A major focus of research is on how best to “turn off” the mutant huntingtin gene. Recent research has shown that complete loss of the huntingtin protein is embryonically lethal suggesting that complete “turn off” of both alleles would be dangerous. The discovery that short strands of RNA can attach to messenger RNA and prevent transcription of protein raises the possibility that such interference RNA (iRNA) can be engineered to stop the production of the mutant protein. Whether iRNA treatment would be beneficial if it “turns down” expression of both the mutant and the normal allele is not clear. If not, then an allele-specific iRNA may be custom engineered for individual families so that it interacts with only the mutant gene. Antisense RNA therapy is also being pursued with similar aims. The challenge facing human use of these exciting therapies is how to deliver to the brain without adverse effects.

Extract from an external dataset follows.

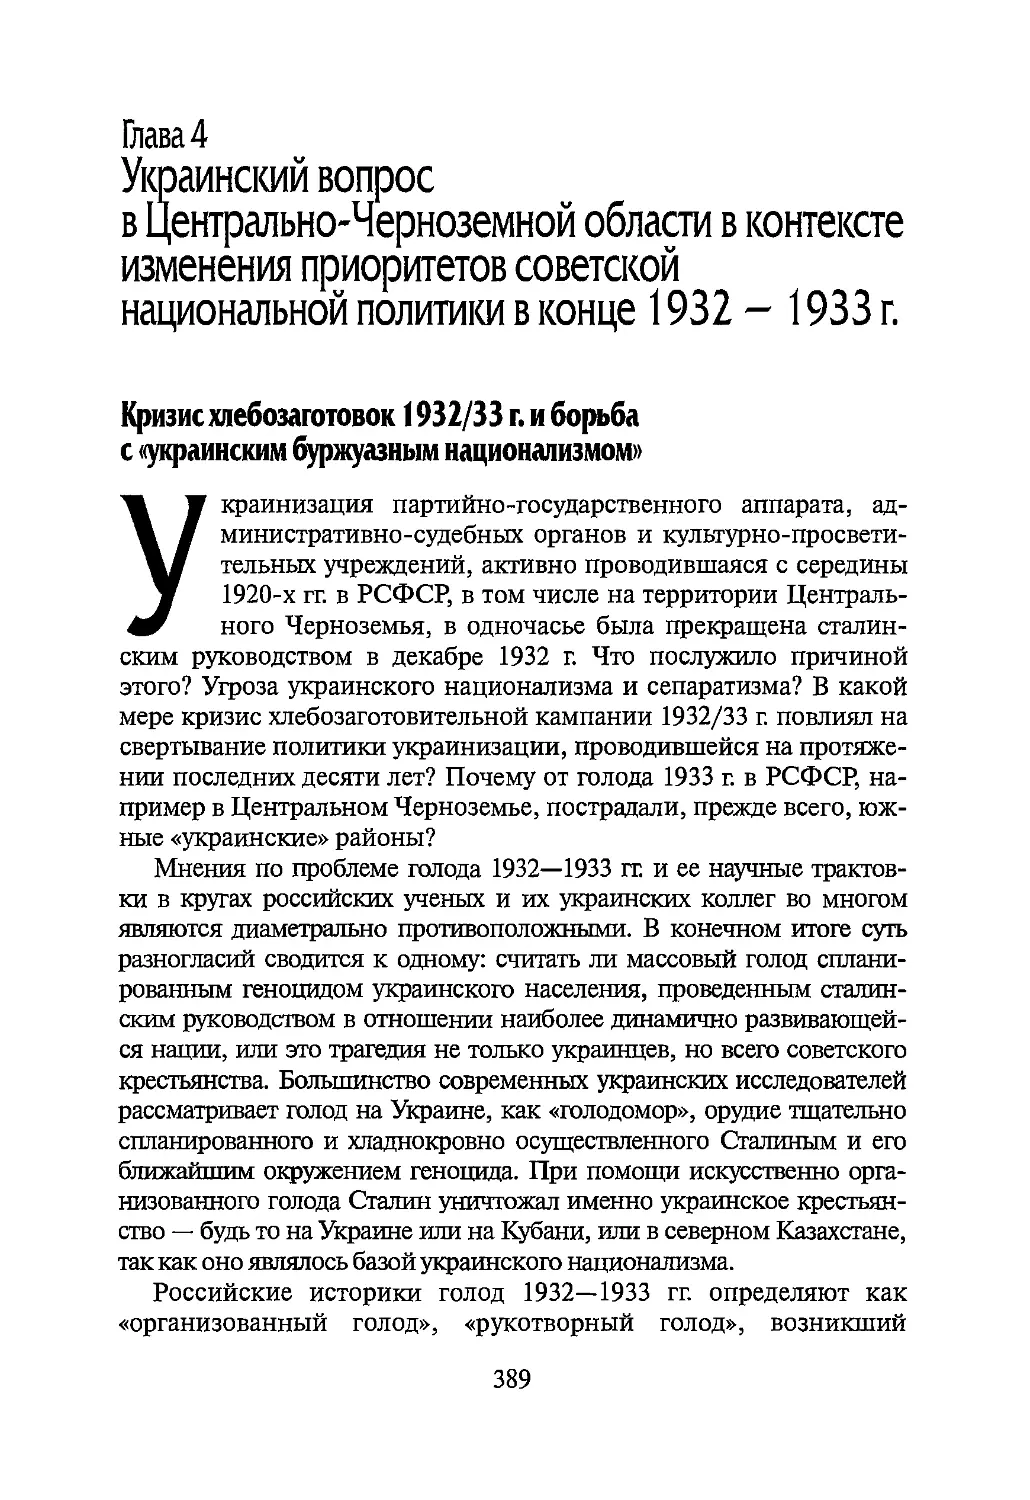 Глава 4. Украинский вопрос в Центрально-Черноземной области в контексте изменения приоритетов советской национальной политики в конце 1932 — 1933 г

A variety of efforts are now ongoing to understand how to clear the protein aggregates from neurons, which seem to be the signature feature of most neurodegenerative diseases. To that end, techniques are being developed to introduce key components of antibodies into cells, called intrabodies. These are designed to attach to and promote clearance of abnormally deposited proteins like mutant huntingtin. Drugs, which promote the metabolism of protein deposits, may also prove beneficial. There are now attempts to use high-throughput screening techniques to find drugs that prevent the aggregation or decrease production of the huntingtin protein. The mutant huntingtin protein also has been shown to alter the transcription of a variety of other genes. The downregulation of brain-derived neurotrophic factor (BDNF) is one example of an important consequence of the effect of huntingtin on gene transcription. Drugs, which modify gene transcription, particularly histone deacetylase (HDAC) inhibitors are under study as potential therapeutic agents.

Conclusions

Huntington’s disease is a progressive neurodegenerative disease for which there is currently no cure. However, despite this, there is a wealth of information available to provide evidence-based efficacious treatments for the management of the patient’s condition. Patients present with a triad of cognitive, movement, and psychiatric difficulties, which progress slowly over a 15–20 year period. Each of these domains requires careful assessment and management in order to maintain the person’s quality of life and functional ability. Extensive advances have been made in the understanding of the pathophysiology of the condition but further care is required if services are to avoid a nihilistic approach to HD.